Uso de IA na área da saúde sob escrutínio

As ferramentas de inteligência artificial já estão presentes em todo o setor de saúde do Reino Unido.

Eles variam de sistemas de transcrição que registram consultas médico-paciente a tecnologias avançadas de imagem que auxiliam os radiologistas na identificação de anormalidades.

Outros exemplos incluem programas de IA capazes de processar grandes volumes de dados de pacientes para apoiar decisões diagnósticas e dispositivos cardíacos adaptativos que respondem a mudanças em tempo real na atividade cardíaca.

Atualmente, essas tecnologias se enquadram nos regulamentos de dispositivos médicos elaborados há mais de duas décadas.

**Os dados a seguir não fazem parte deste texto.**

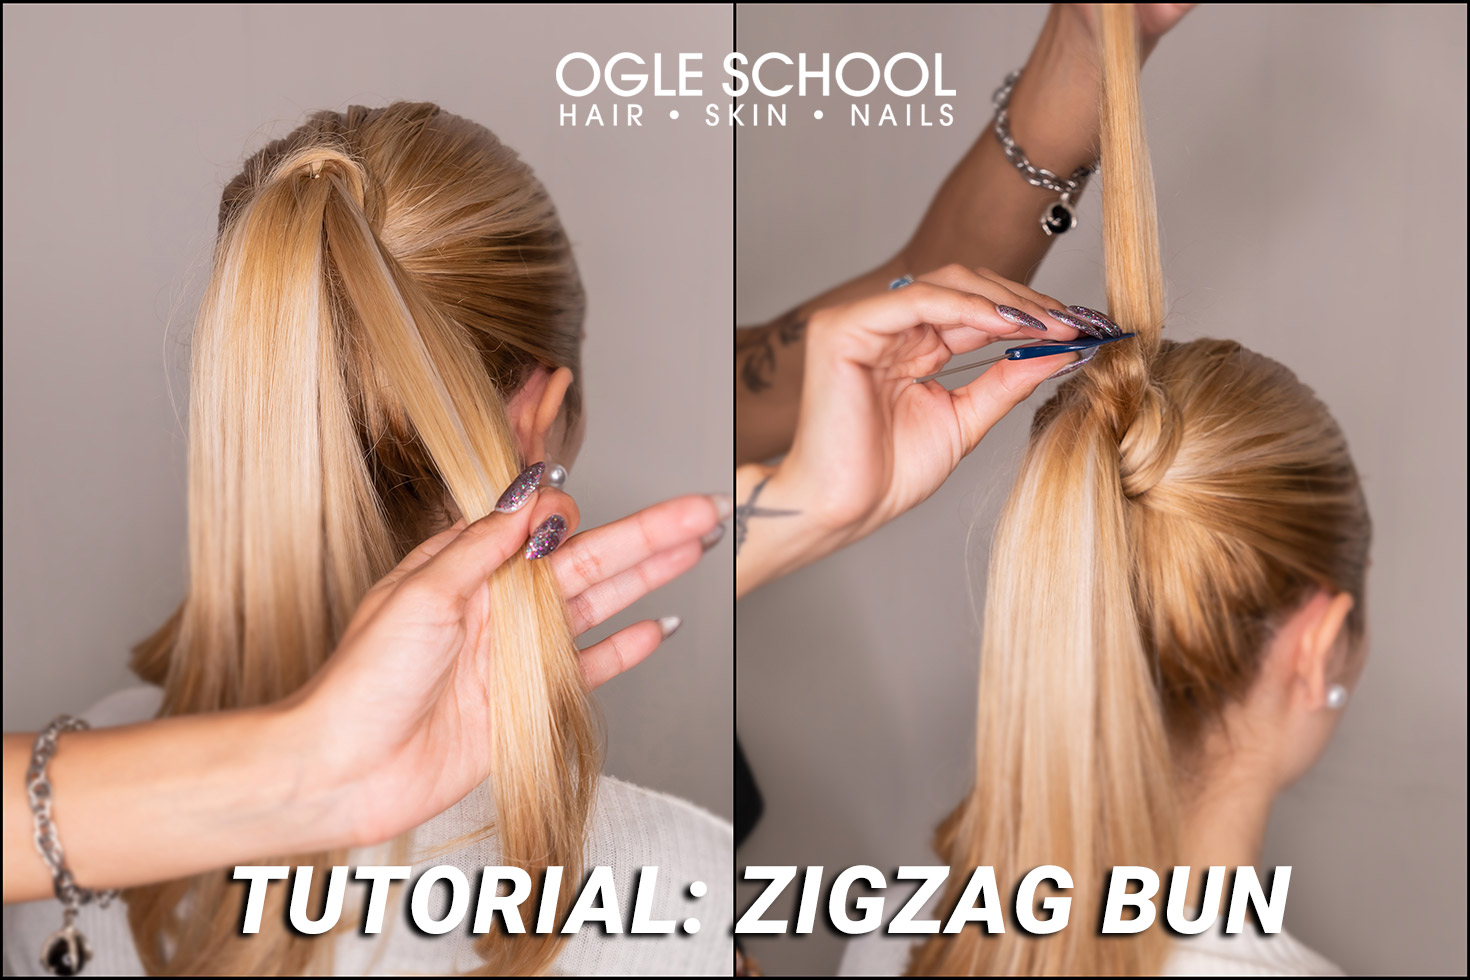 Zigzag Bun Hairstyle Tutorial - Cosmetology School & Beauty School in Texas  - Ogle School

A Organização Mundial da Saúde levantou preocupações de que, sem supervisão adequada, a IA na área da saúde pode representar riscos, incluindo coleta de dados antiética, viés em algoritmos e ameaças à segurança cibernética.

O trabalho da comissão visa fechar essa lacuna regulatória e fornecer padrões claros para implantação.

Reino Unido diverge da abordagem da União Europeia

Globalmente, os reguladores estão debatendo a melhor forma de gerenciar a IA na área da saúde. A União Europeia já aprovou sua Lei de IA, que impõe condições estritas às aplicações médicas de IA.

Embora a abordagem da UE tenha sido criticada por algumas empresas de tecnologia como excessiva, a MHRA indicou que o Reino Unido não pretende replicar essas regras.

Em vez disso, planeja fornecer uma estrutura descrita como clara, prática e proporcional.

A competição por investimentos em IA está crescendo, com o governo do Reino Unido recentemente garantindo acordos no valor de dezenas de bilhões de dólares de empresas como Microsoft e OpenAI.

As autoridades esperam que a regulamentação transparente melhore a reputação do Reino Unido como um mercado favorável para a tecnologia da saúde, ao mesmo tempo em que dá aos pacientes e médicos confiança em novas ferramentas.

Clareza regulatória vista como chave para o investimento

Tallon enfatizou que a incerteza na regulamentação global da IA está dificultando o planejamento antecipado de desenvolvedores de tecnologia, provedores de saúde e investidores. O Reino Unido visa fornecer clareza, definindo expectativas claras para todas as partes envolvidas na IA de saúde.

Embora algumas empresas possam ser cautelosas com os novos requisitos, os reguladores acreditam que regras previsíveis e proporcionais incentivarão o investimento de longo prazo.

Até 2026, espera-se que a estrutura forneça um conjunto abrangente de padrões para dispositivos médicos de IA no Reino Unido, equilibrando inovação com responsabilidade.

Com a IA já incorporada à prática clínica diária, o trabalho da comissão deve moldar o futuro dos cuidados de saúde britânicos e influenciar as discussões globais sobre regulamentação.